» Input:
=====

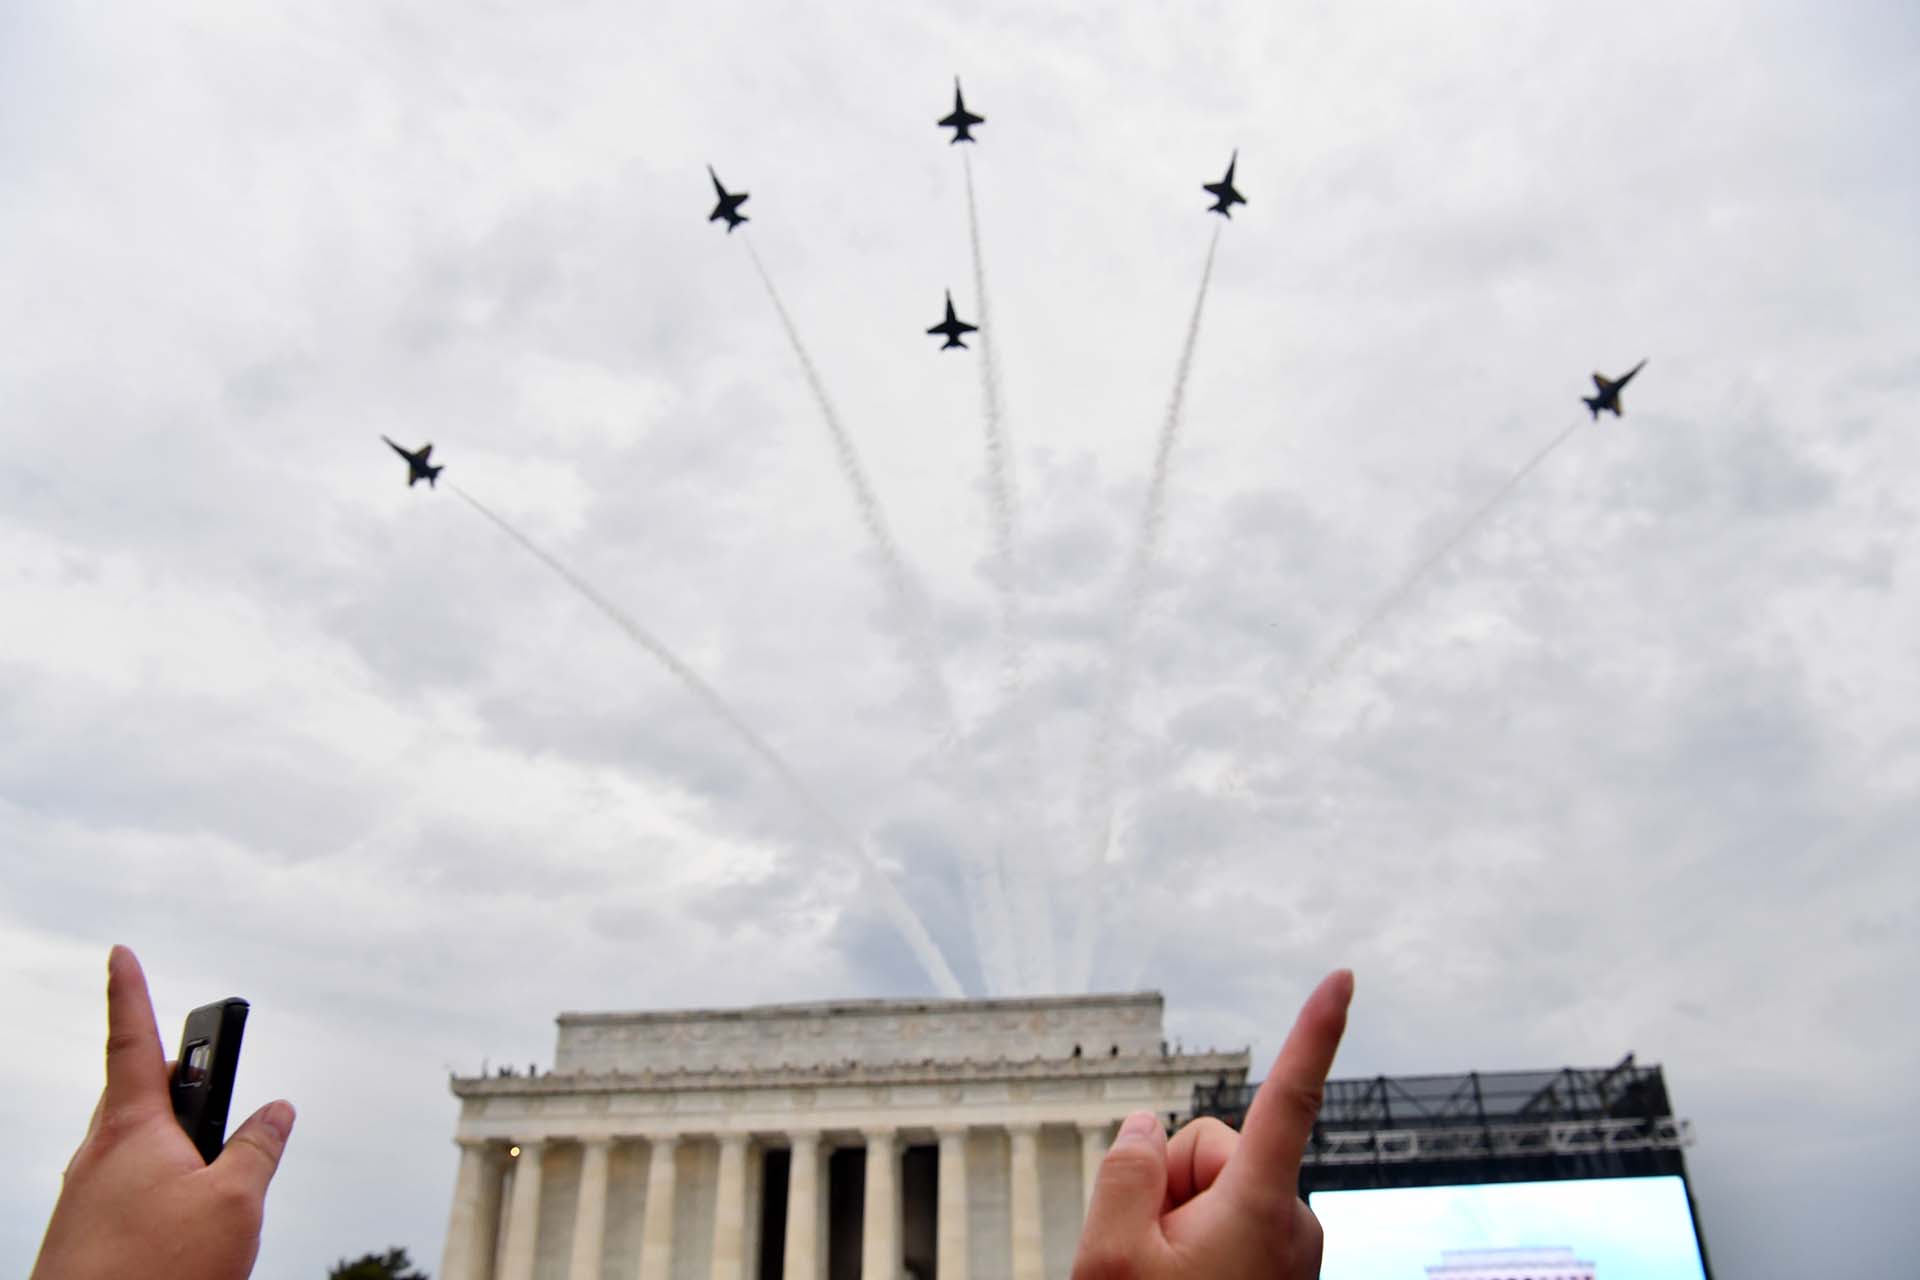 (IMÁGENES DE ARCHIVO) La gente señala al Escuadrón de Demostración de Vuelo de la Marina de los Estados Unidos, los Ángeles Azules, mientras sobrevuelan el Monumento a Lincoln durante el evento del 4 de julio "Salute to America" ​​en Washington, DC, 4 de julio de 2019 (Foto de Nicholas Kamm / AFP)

=====

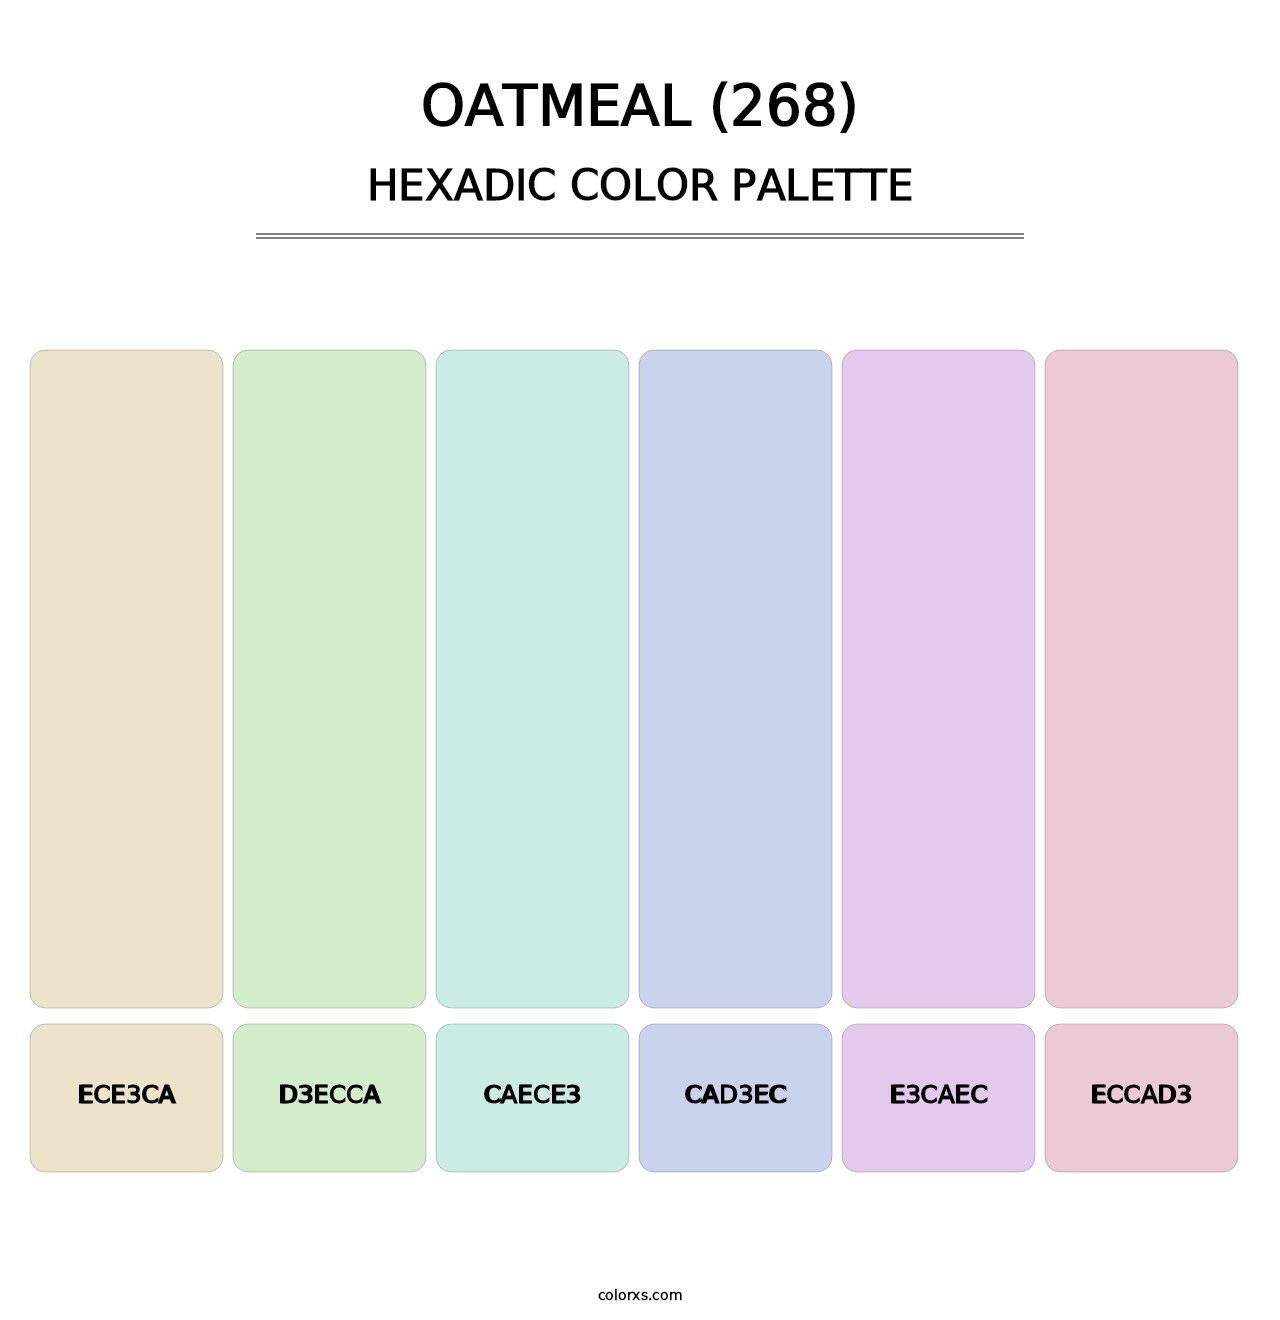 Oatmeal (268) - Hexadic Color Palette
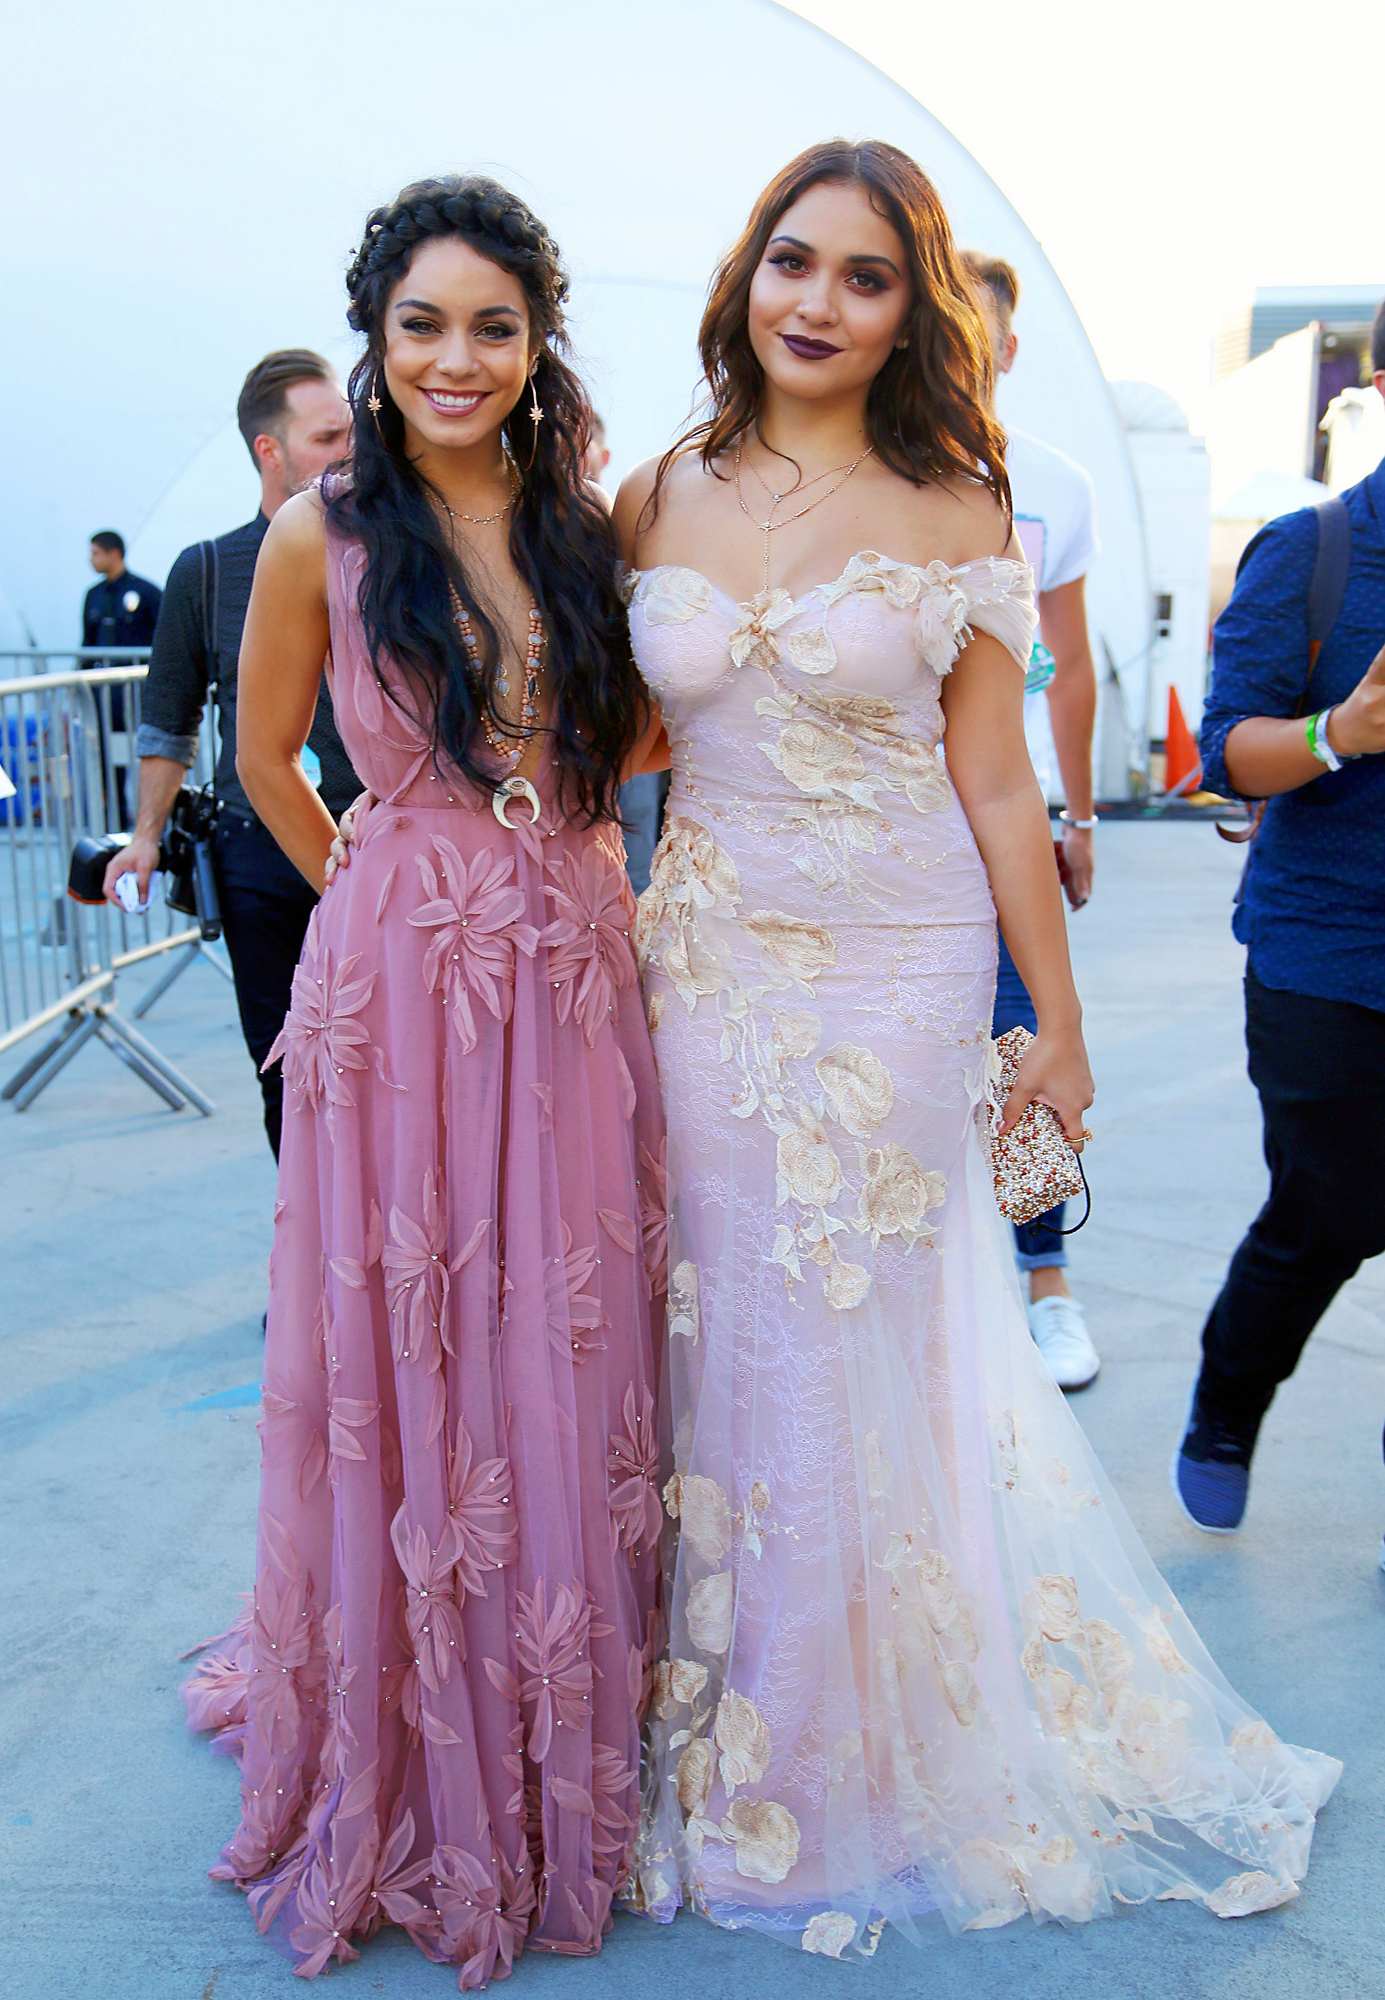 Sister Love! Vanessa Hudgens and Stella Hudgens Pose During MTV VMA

=====

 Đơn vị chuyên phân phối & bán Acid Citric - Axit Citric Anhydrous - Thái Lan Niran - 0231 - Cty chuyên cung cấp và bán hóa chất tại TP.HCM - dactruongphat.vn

=====

» What is required:
Take only the lines above from the one that has "Oatmeal (268) - Hexadic Color Palette" through the one that has "Sister Love! Vanessa" and reproduce them exactly, omitting any pictures.

» Expected answer:
 Oatmeal (268) - Hexadic Color Palette
 Sister Love! Vanessa Hudgens and Stella Hudgens Pose During MTV VMA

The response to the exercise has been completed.